**Supplied records**
--

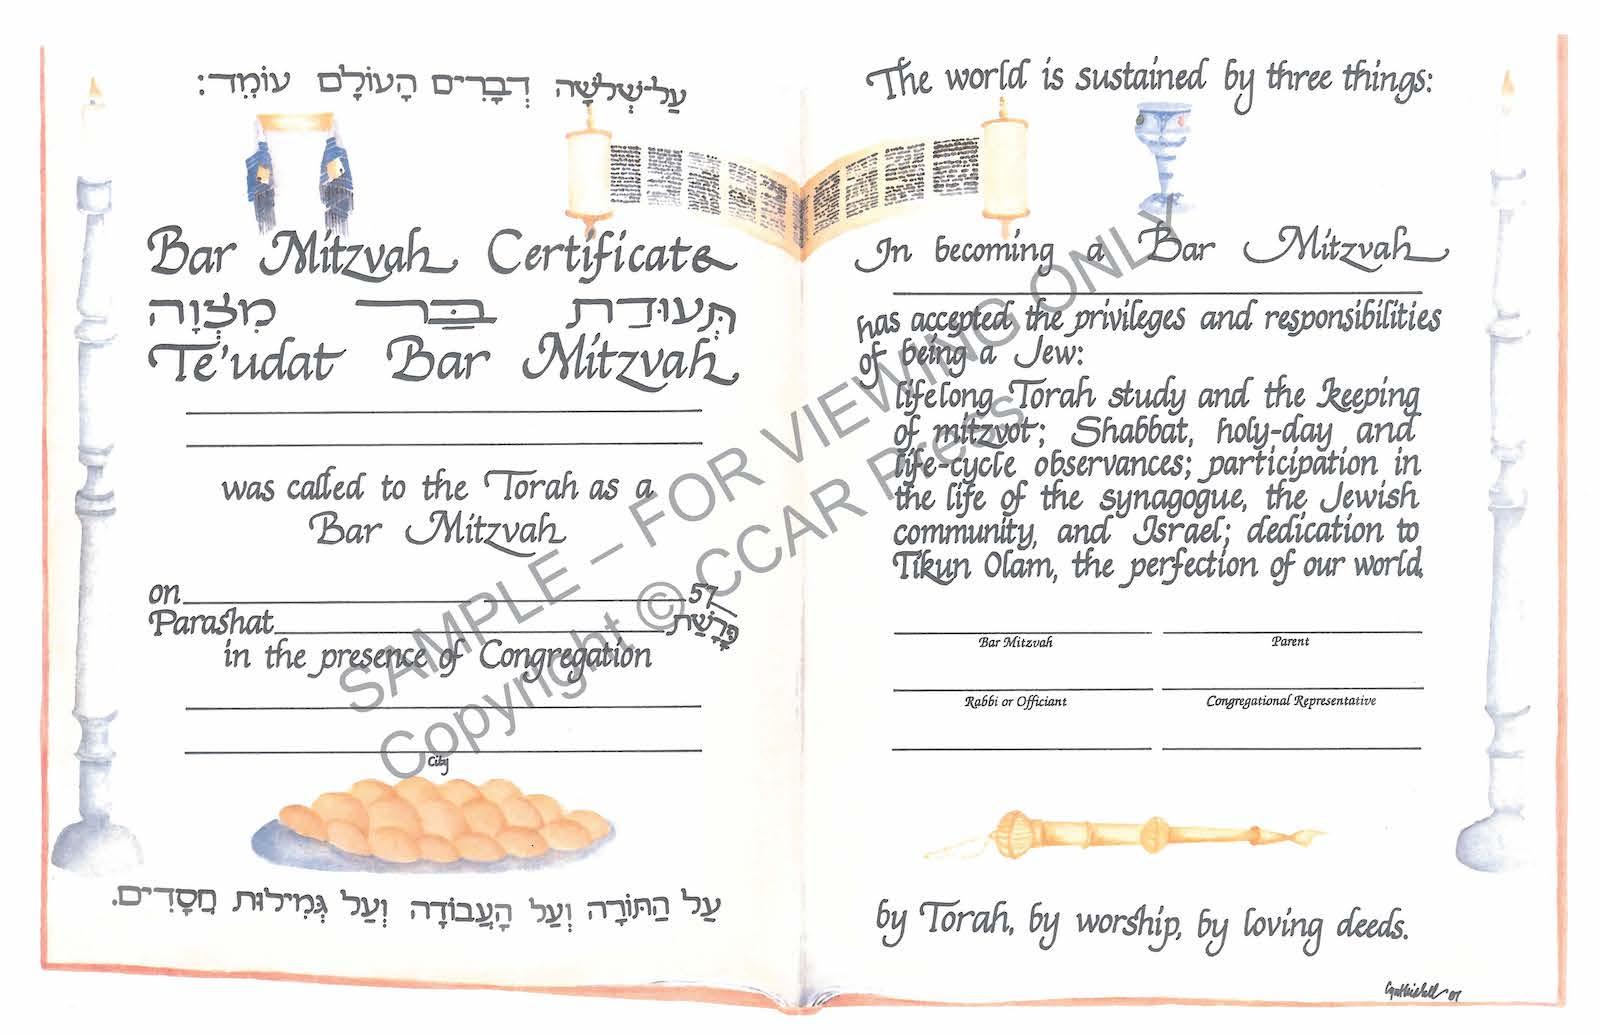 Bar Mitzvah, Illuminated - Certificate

--

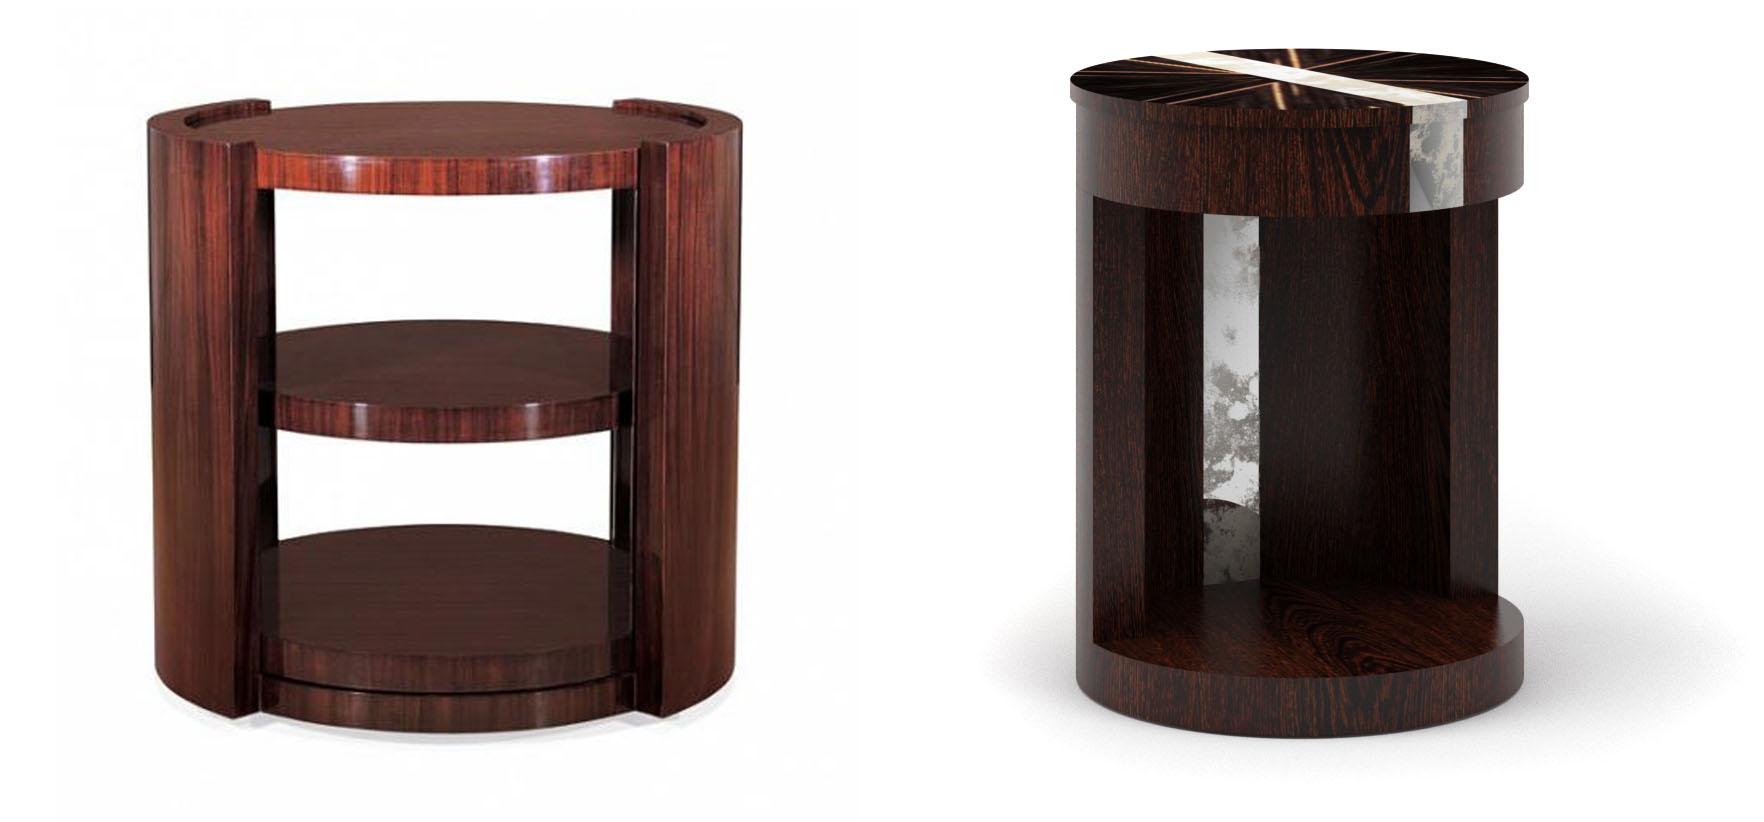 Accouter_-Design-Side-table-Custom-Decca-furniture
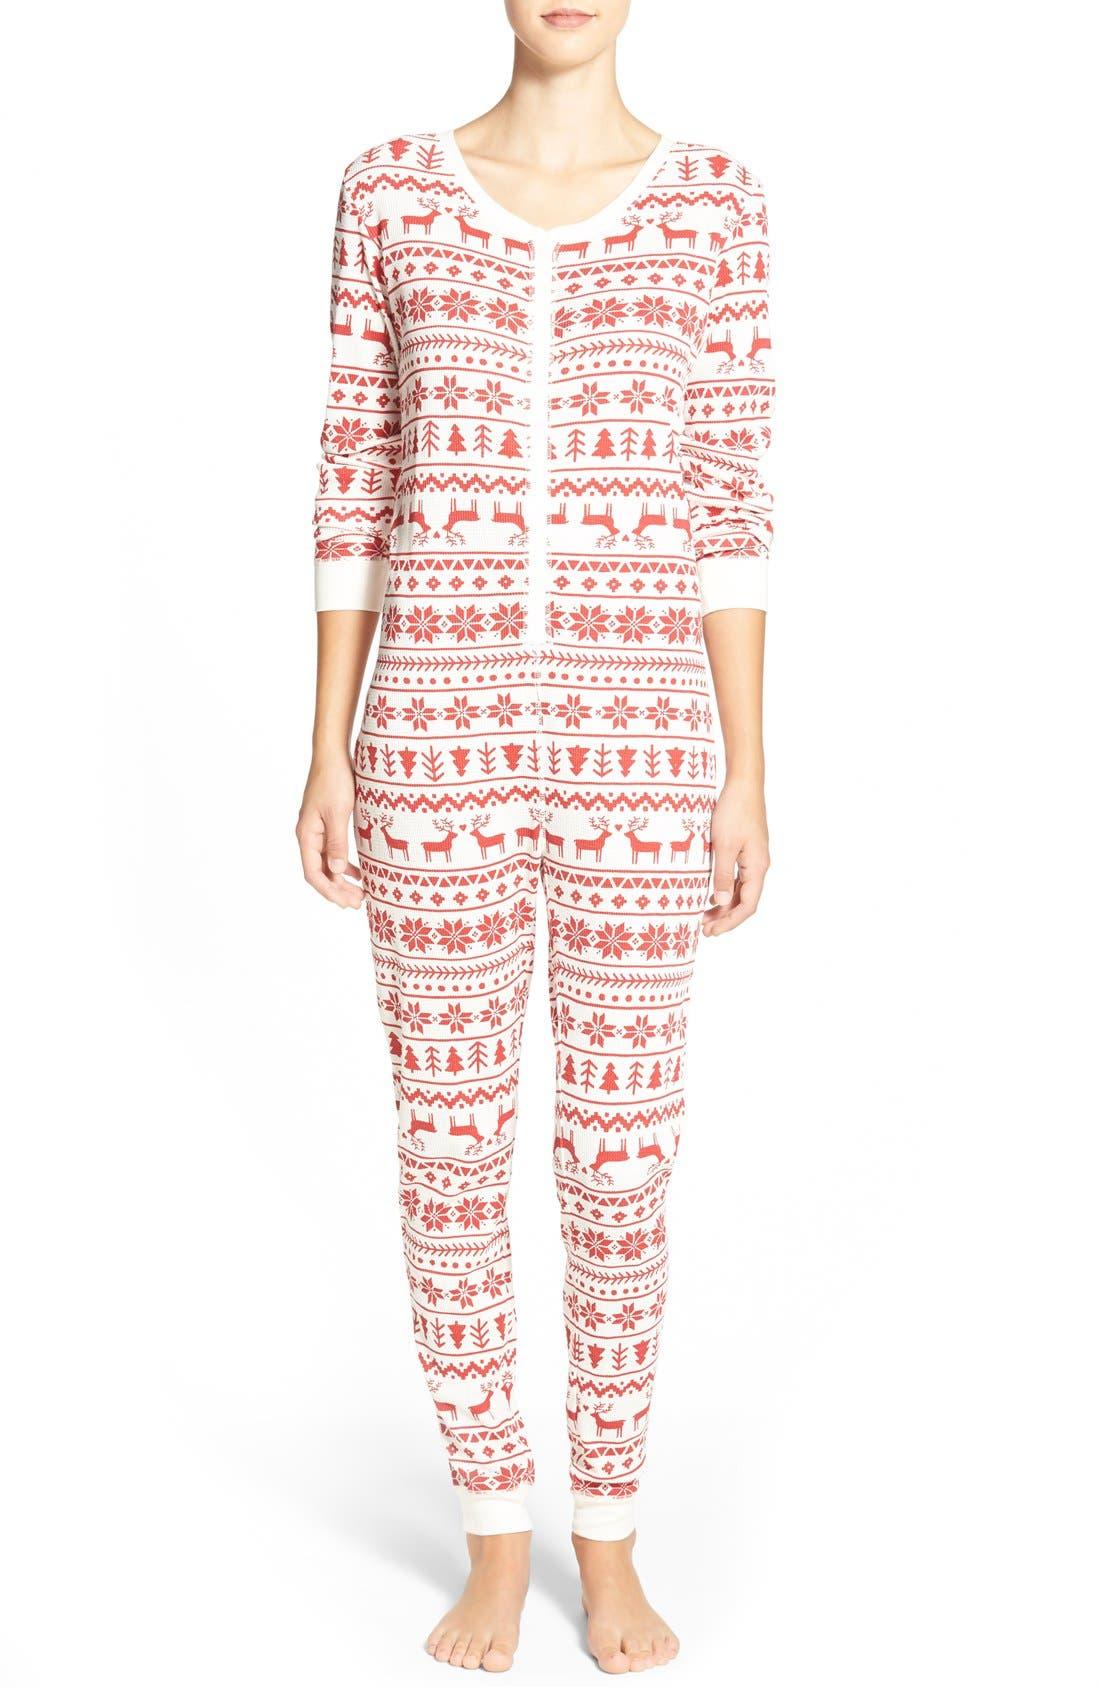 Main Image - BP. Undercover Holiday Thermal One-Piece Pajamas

--

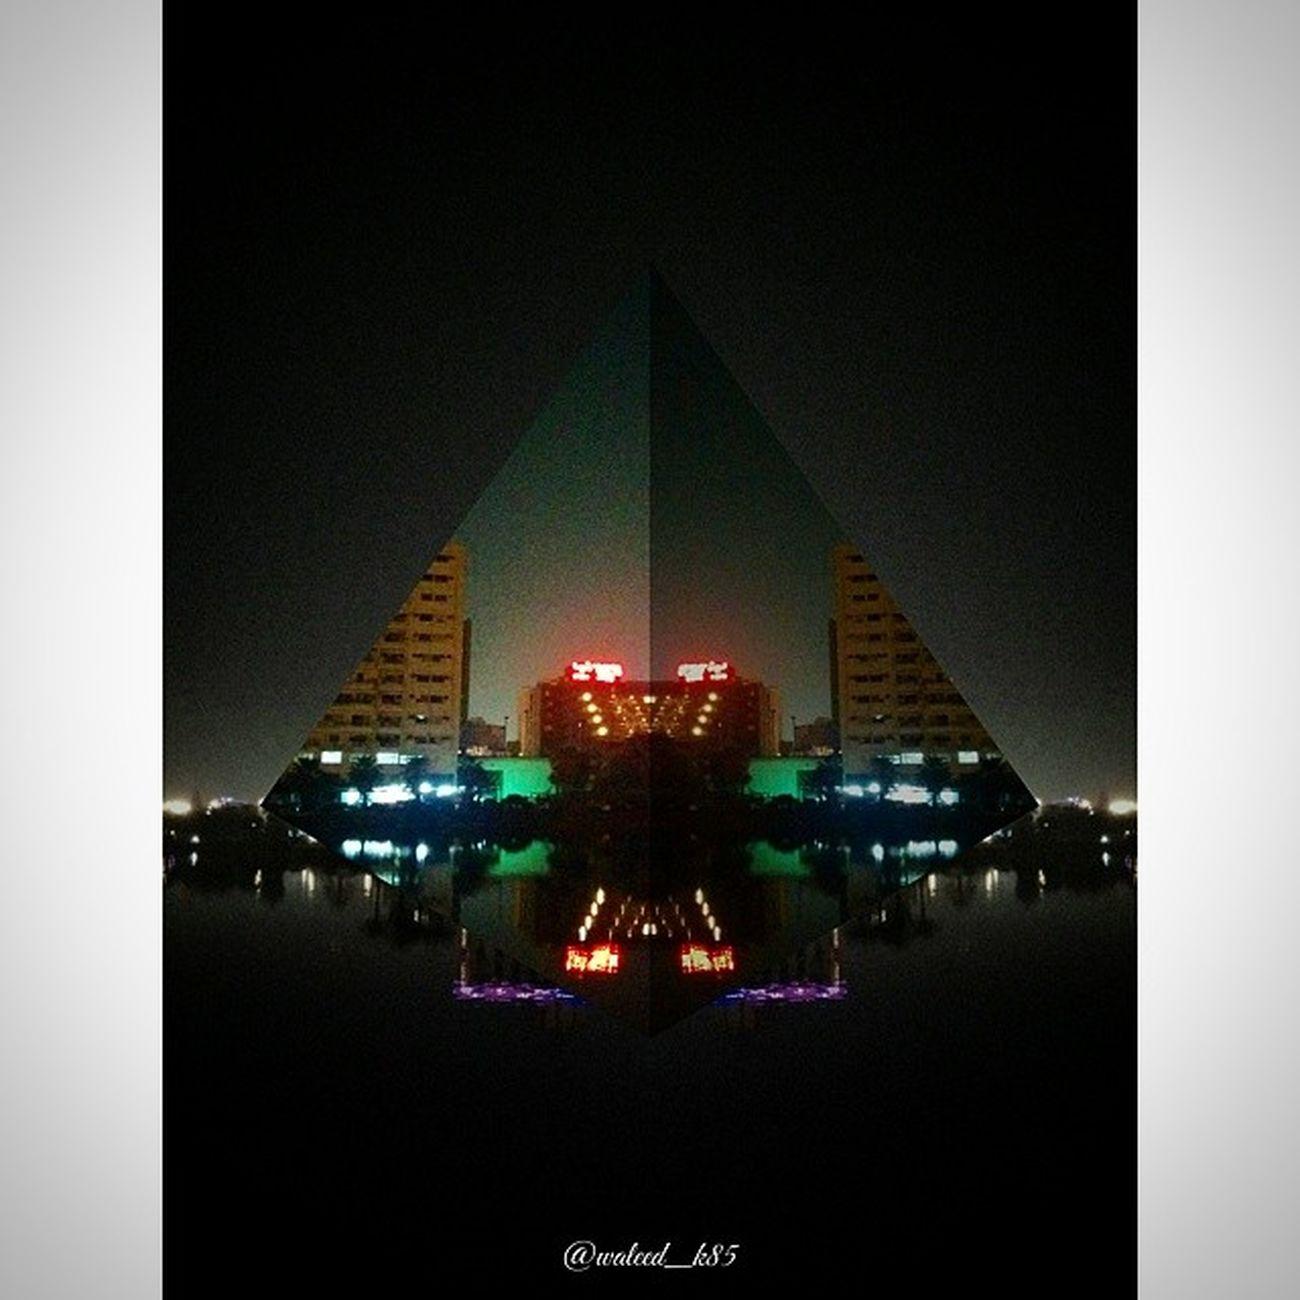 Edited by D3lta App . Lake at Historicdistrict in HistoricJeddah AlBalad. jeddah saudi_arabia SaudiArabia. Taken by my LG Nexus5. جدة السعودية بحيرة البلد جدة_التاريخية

--

**Exercise goal**
Exact repeat of the material above: every line from the one with "Accouter_-Design-Side-table-Custom-Decca-furniture" through the one with "Main Image - BP.", endpoints included, and nothing more. No pictures.

**Response to the task**
 Accouter_-Design-Side-table-Custom-Decca-furniture
 Main Image - BP. Undercover Holiday Thermal One-Piece Pajamas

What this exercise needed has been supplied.